I did say something could and will go wrong but I have have shot enough years to know it won’t happen all the time. I shot at the same bag target all summer exclusively at 60, 50, and 40 yards to practice 900 rounds. I did miss the bag one time when I accidentally used my 60Y pin at 50Y. But that won’t happen indoors because I removed all the pins except one 

It sounds like you are speaking from experience and I will come back to admit I was wrong when there are arrows stuck all over the doors and walls. But to your point I have been thinking I would like to try a pure tension release and during the learning phase it would be more likely for accidents to happen. I will just have to shoot up close while learning like I did with the original Stan with no safety 30 years ago.


----------



## 1/2 Bubble Off (Dec 29, 2016)

I'm in the process of buying a new house and the basement walls are exactly 60' apart. I figure I can shoot 19 yards (allowing for the depth of the back stop and room for my elbow at full draw....

The basement is huge and I plan on turning it into a man-cave/bow tuning/reloading area!!!


----------



## lees (Feb 10, 2017)

Tblodg said:


> I did say something could and will go wrong but I have have shot enough years to know it won’t happen all the time. I shot at the same bag target all summer exclusively at 60, 50, and 40 yards to practice 900 rounds. I did miss the bag one time when I accidentally used my 60Y pin at 50Y. But that won’t happen indoors because I removed all the pins except one
> 
> It sounds like you are speaking from experience and I will come back to admit I was wrong when there are arrows stuck all over the doors and walls. But to your point I have been thinking I would like to try a pure tension release and during the learning phase it would be more likely for accidents to happen. I will just have to shoot up close while learning like I did with the original Stan with no safety 30 years ago.

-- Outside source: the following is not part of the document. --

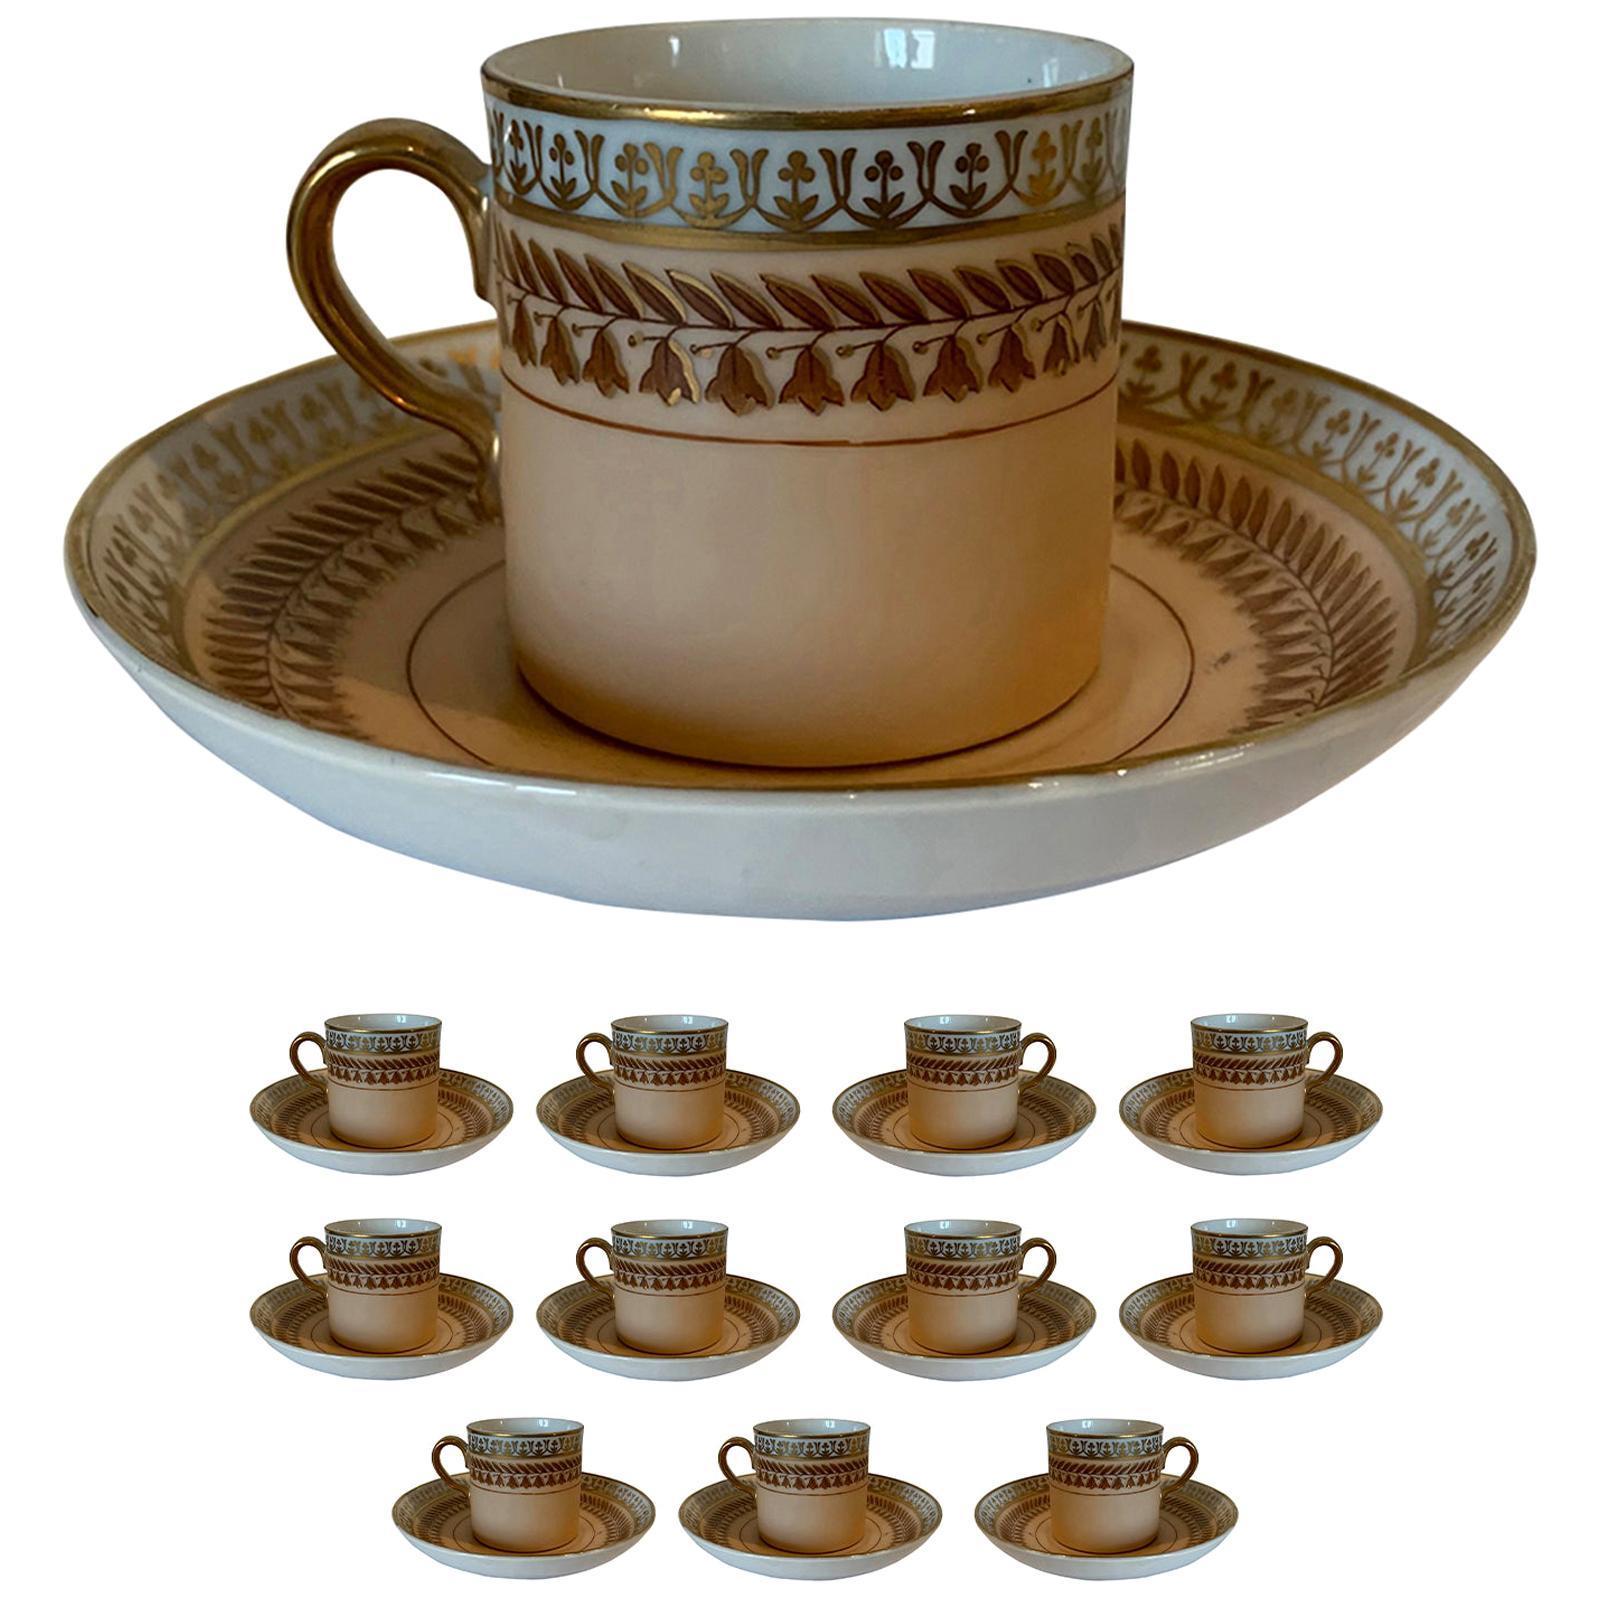 Set of 12 Old Paris Demitasse Cups & Saucers, Marked, Possibly Limoges Porcelain

Yes, in all seriousness, I've been shooting inside apartments and houses etc for my entire shooting career and I don't 'dis the idea of it at all. It can be done and even done safely, you just have to be a little more diligent than with a dedicated range.

That said, I can guarantee you that you'll be shooting boo-boo arrows and a ton of them for quite a while if you plan to transition from a trigger to a tension-style. No matter what, you're going to do all of the following at least 2 times and almost certainly many more times than that:

- let off the safety accidentally in the middle of drawing. 
- have the poundage set too low and get a premature fire before settling in.
- let off the safety while letting down.

That's perfectly normal and just part of learning the tension style, but for that reason I would strongly recommend doing that initial training either outdoors or at a safe indoor range at a local shop or etc.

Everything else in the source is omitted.